The most cost-effective means of defining a cityscape
is by employing the mass-points measuring technique
of LiDAR (or Airborne Laser Scanning). This technique
measures a dense array of accurate 3D spot elevations
across the cityscape. Typical point spacing is
sub-metre, with some cityscape projects in Europe
now employing point spacings of a few decimetres.
A LiDAR point measurement of a city defines the
building height and position accurately, but the
level of detail (or cartographic appeal) is relatively
low. The image shown in Fig 3 is of a recent LiDAR
survey of Kuala Lumpur; it illustrates the high
spatial integrity but low cartographic appeal
of the mass-point format.
3D-Vectors provide the most rigorous means of
defining a cityscape. Typically they are obtained
by stereodigitising building outlines from overlapping
aerial photography. As it is a manual task, the
stereooperator can pick and choose which polygons
or building features needed to adequately define
the building shape and appearance. The benefit
of Vectors is that they provide a crisp definition
of the building. Software can then extrude the
3D vectors down to the ground level to give the
appearance of more lifelike structures (shown
in Fig 4, from Melbourne, Australia).
Because it is a manual process, costs are directly
proportional to the number of buildings, and number
or elements within each building, are required.
Summarising
When deciding
whether a dataset is appropriate, one needs to
consider its resolution, accuracy, currency and
format.

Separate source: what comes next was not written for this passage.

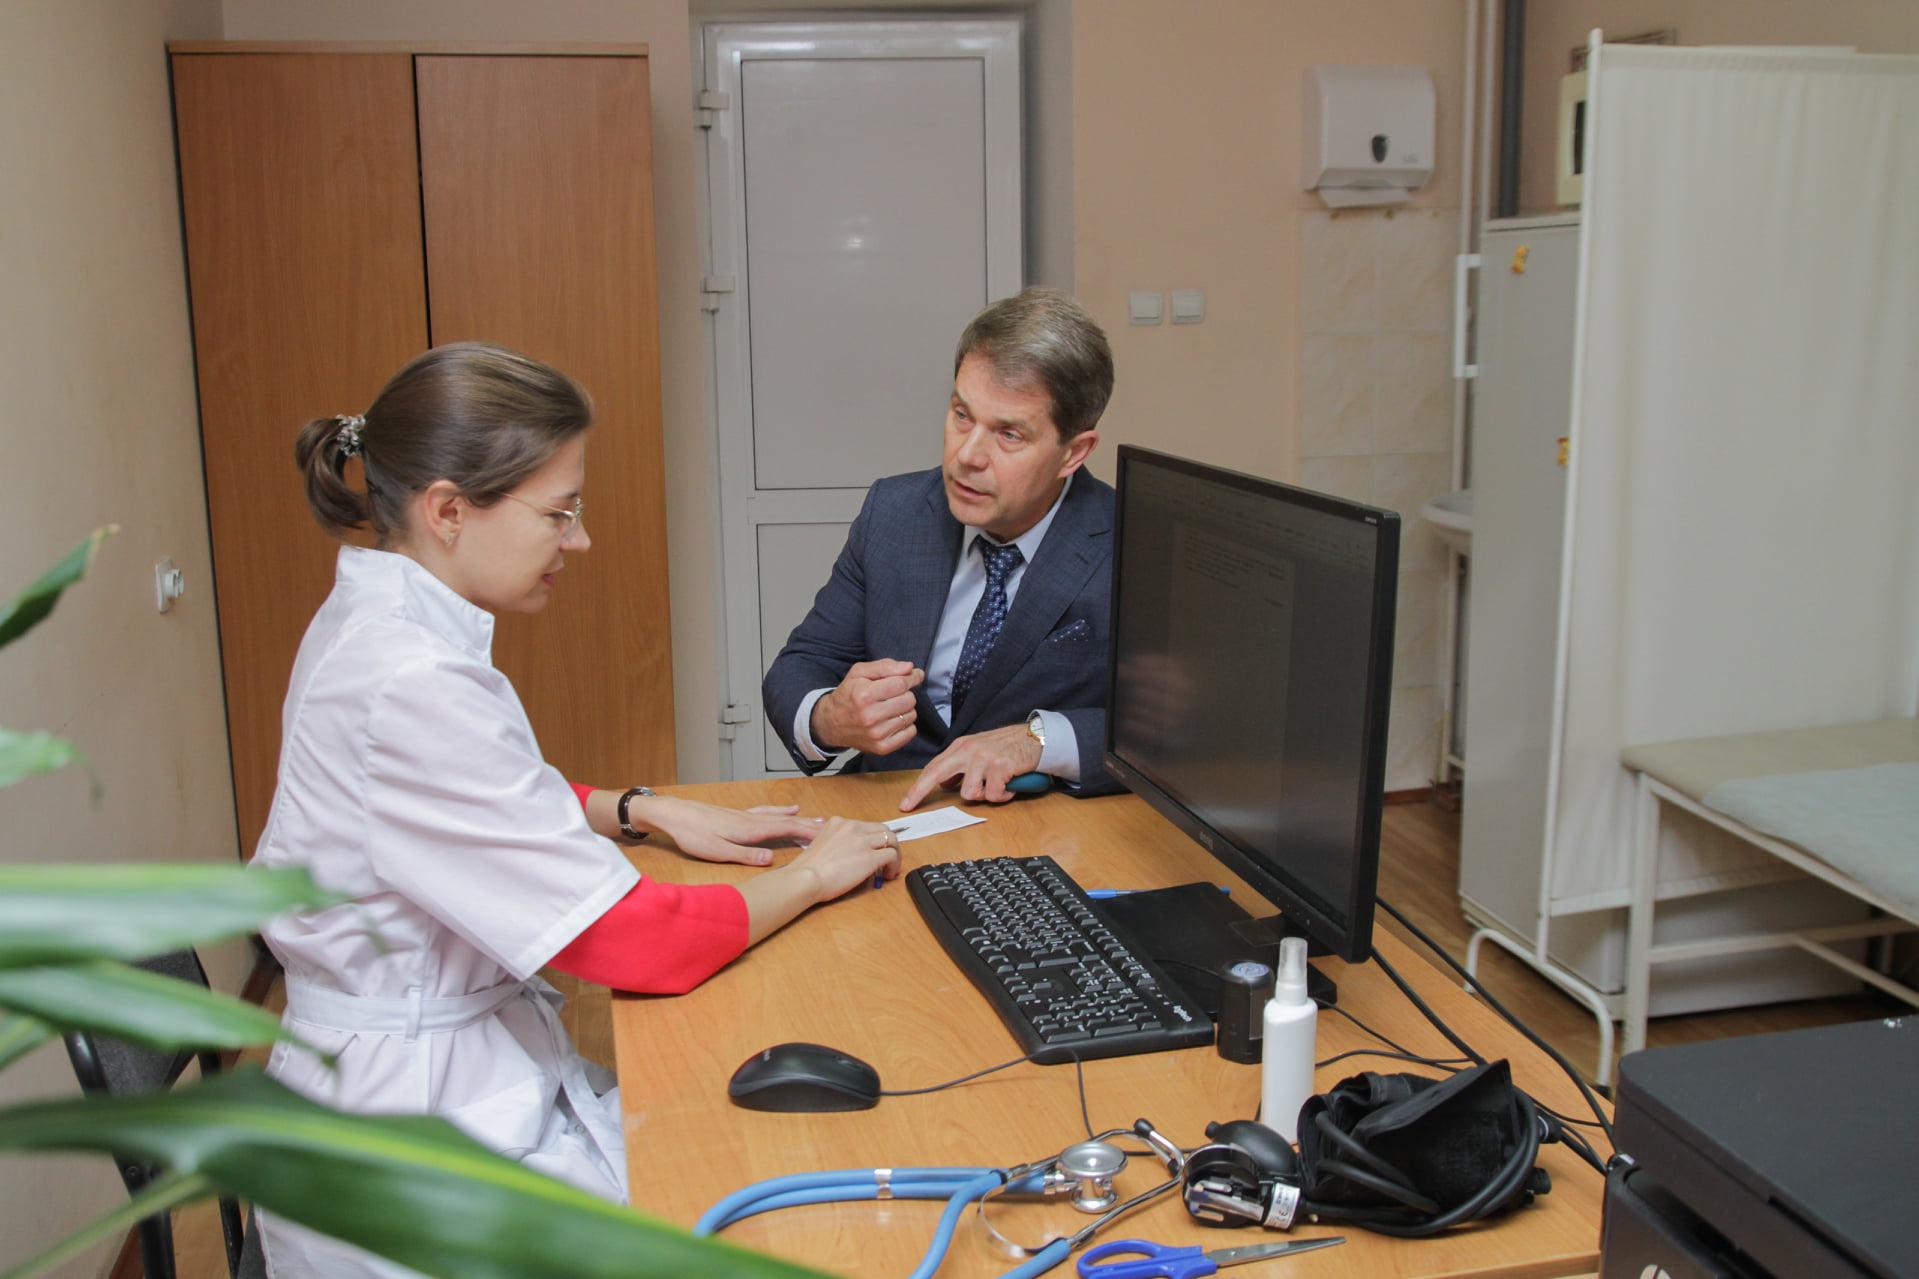 Крупномасштабная вакцинальная кампания против гриппа населения Иркутской области стартовала с 29 августа 2019 года.  Грипп остается одним из самых тяжелых вирусных заболеваний, которое передается воздушно-капельным путем, и может одновременно поражат…
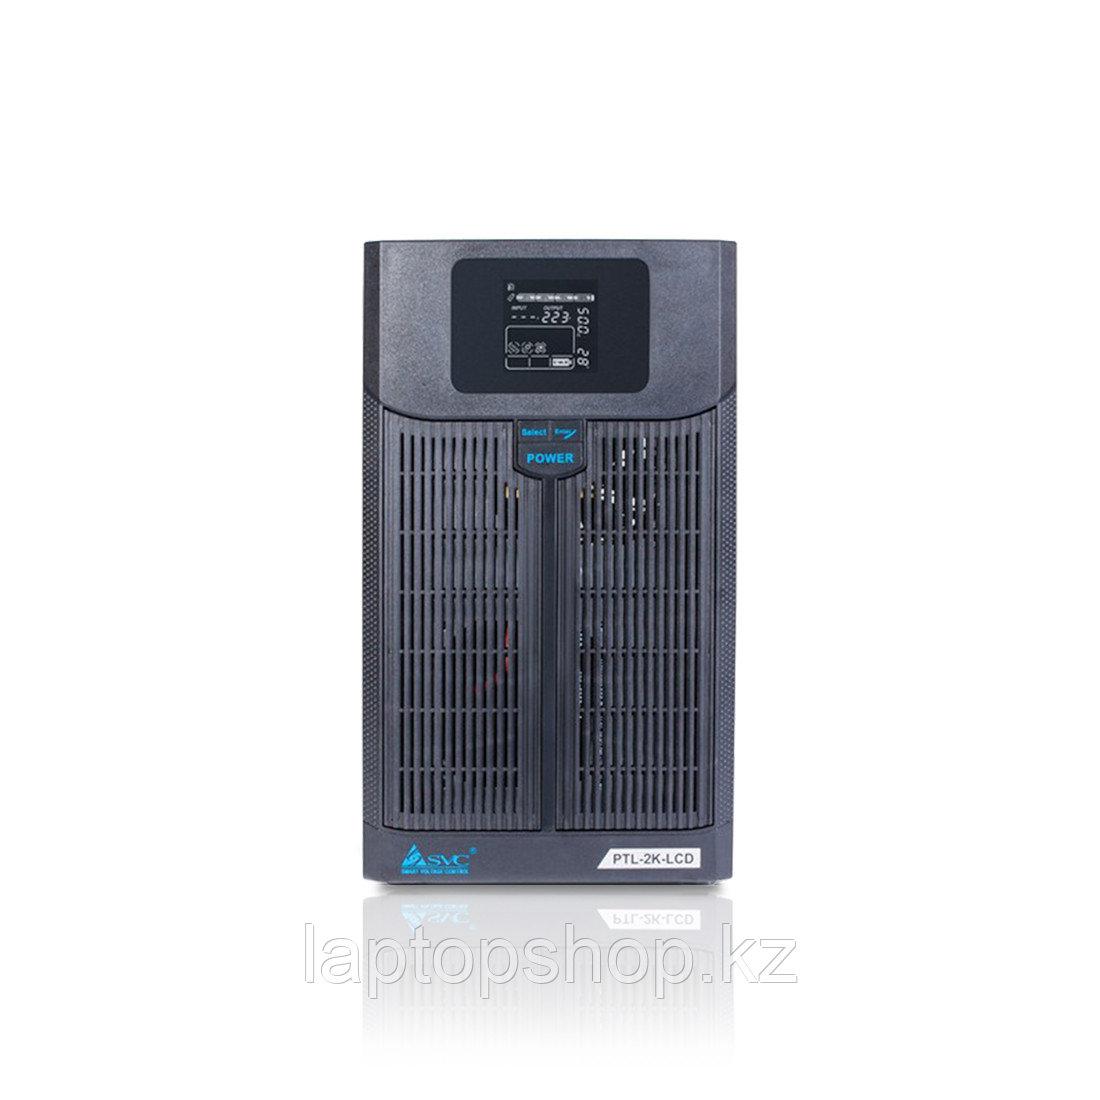 Источник бесперебойного питания SVC PTL-2K-LCD, Мощность 2000ВА/1400Вт

Assessing the data requirements for each
project will raise a series of choices.
For example, a vector definition of a cityscape
will look more lifelike, but it may be far less
accurate than a points definition. If you have
to make a choice, would you want the buildings
to be lifelike or in their correct position ?
You can have both, but at a significantly higher
cost. Does your project warrant that investment
?
On another project, you might be presented with
low resolution current imagery, or high resolution
archive imagery. You will have to decide whether
the recent changes to the project site will detract
from the information extracted from the dataset.
Whatever the decision on how you assess these
variables and specify your dataset, it is vital
to document these characteristics so future users
know the true attributes of the dataset.